One can then use juv to run a notebook server with that auto-created Python environment:

juv run notebook.ipynb

And juv will auto-install the dependencies:

 juv run notebook.ipynb
Reading inline script metadata from `stdin`
   Built minikanren==1.0.3
   Built etuples==0.3.9
   Built cons==0.4.6
   Built logical-unification==0.4.6
Installed 60 packages in 329ms

You'll get this notebook server, in which you can run the code, just like in regular JupyterLab.

Jupyter session launched by `juv`.

Compared to writing out a full pyproject.toml, requirements.txt, or environment.yml file, this reduces the burden of distributing code + environments to a single file, your notebook. In terms of mental overload, for an ad-hoc analysis conducted within a single notebook, this is much better than needing to work within, say, a scratch environment that is maintained to support multiple notebooks. In the words of the marimo folks:

In other words, marimo makes it possible to create and share standalone notebooks, without shipping requirements.txt files alongside them. This provides two key benefits:

  1. Notebooks that carry their own dependencies are easy to share — just send the .py file!
  2. Isolating a notebook from other installed packages prevents obscure bugs arising from environment pollution, while also hardening reproducibility.

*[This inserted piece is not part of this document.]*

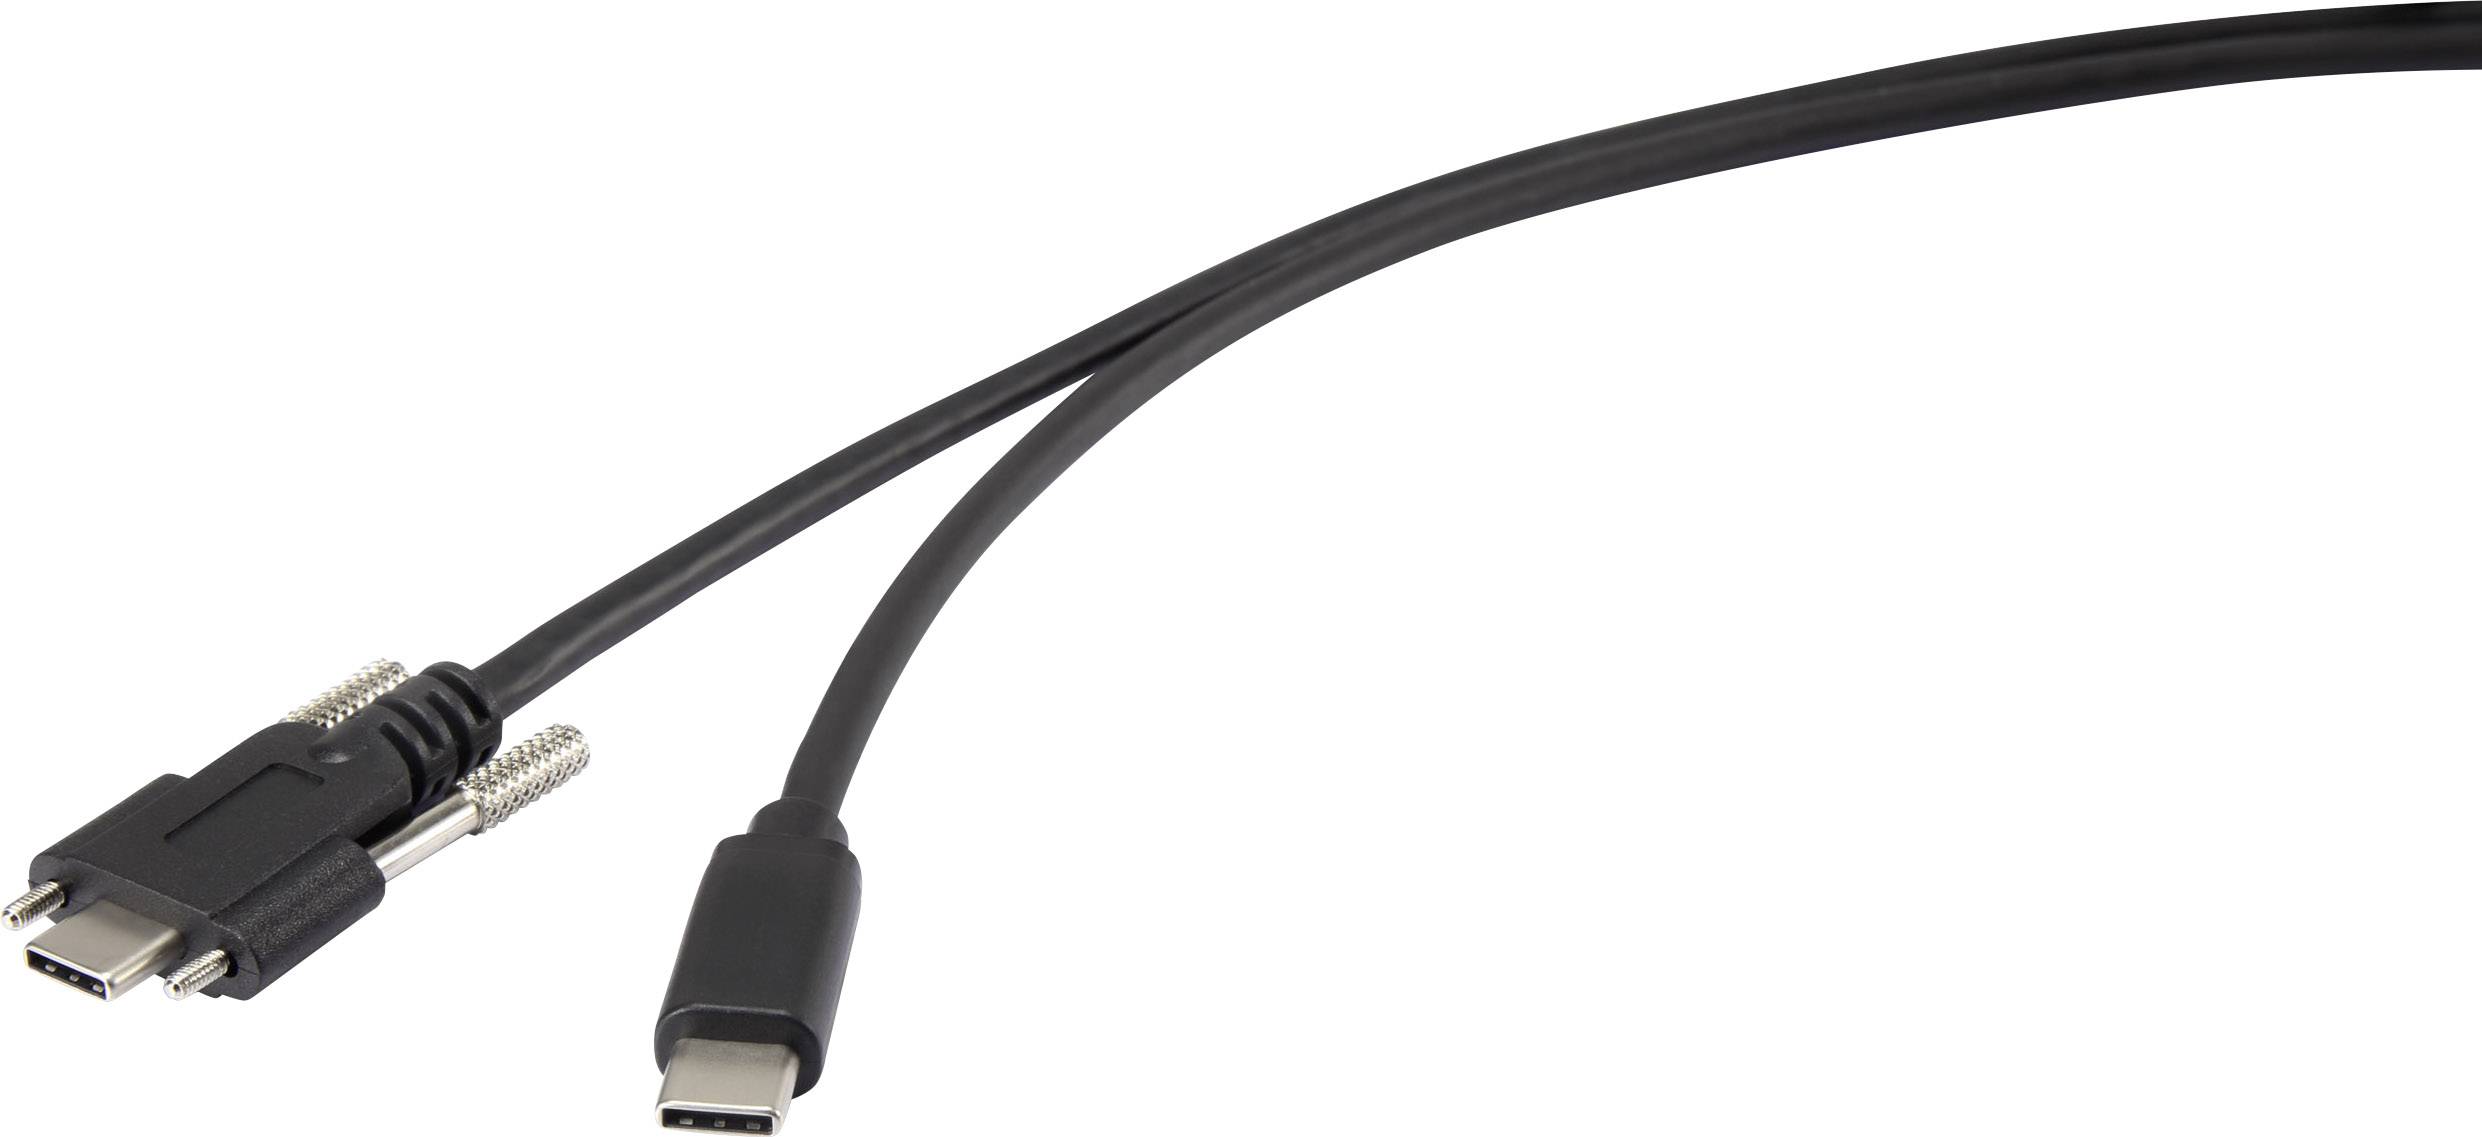 Verbindungskabel doppelt geflochtenes Nylon USB-2.0-Standard USB Typ C auf USB Typ C Silber Basics 0,9 m
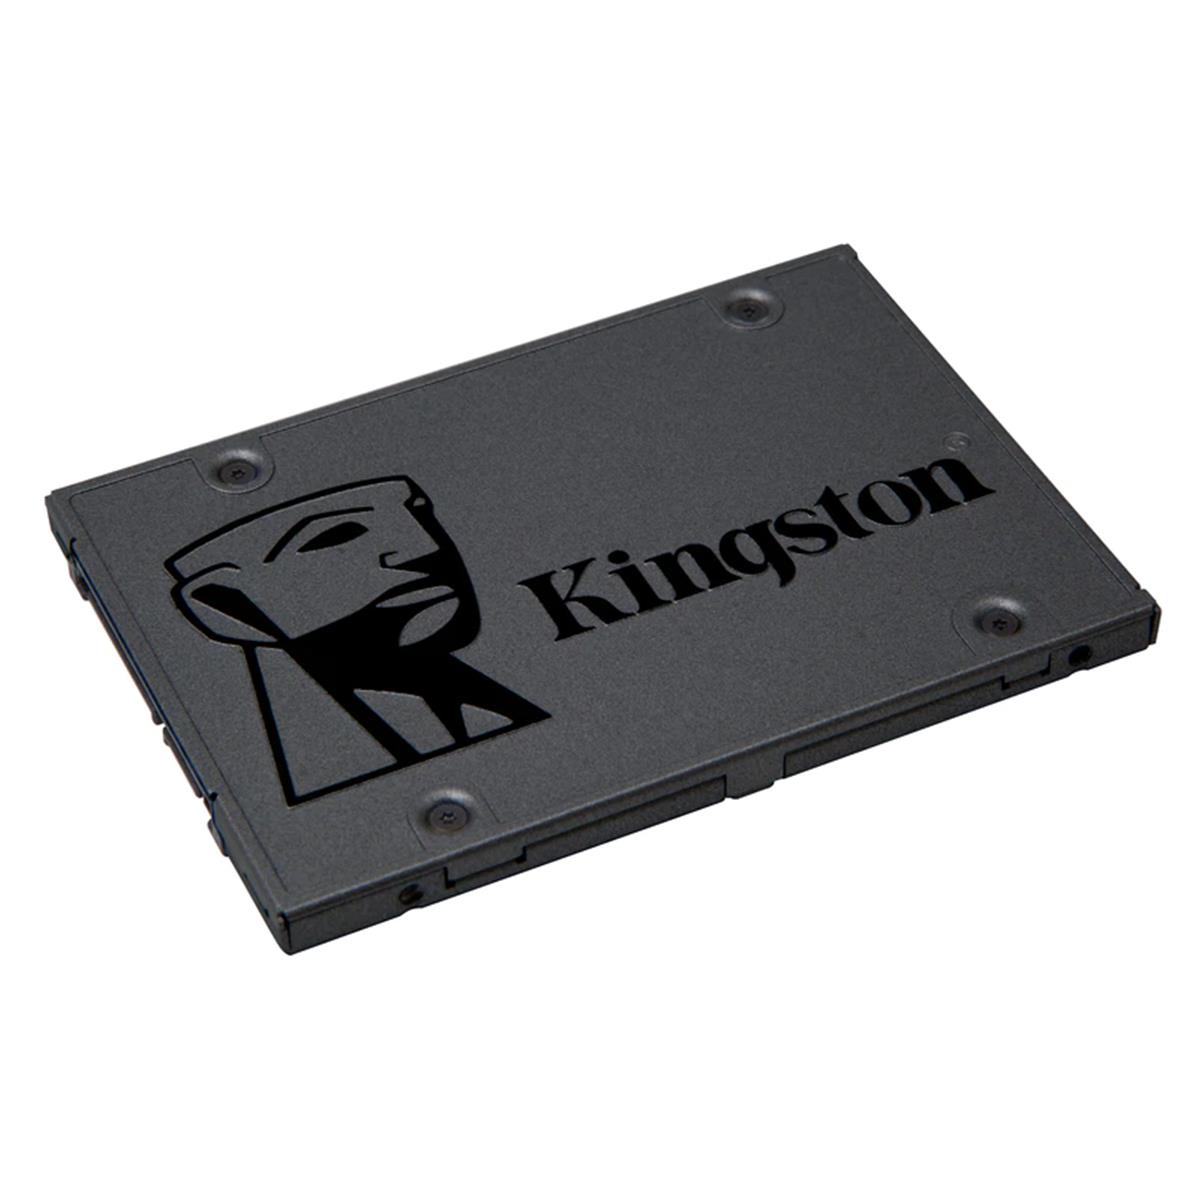 SSD 240 GB KINGSTON SA400S37/240G - SATA III

To paraphrase juv's README (which is accurate as of 5 Nov 2024), this is the equivalent of having a fully-specified but also disposable environment, in which the notebook itself specifies its own environment.

(I'll note that the marimo notebook also supports PEP723 as well!)

Incorporating this into pyds-cli

As a prototype of how this would work within company-internal tooling, I wrapped juv inside pyds-cli as part of a new pyds analysis init and pyds analysis run set of commands.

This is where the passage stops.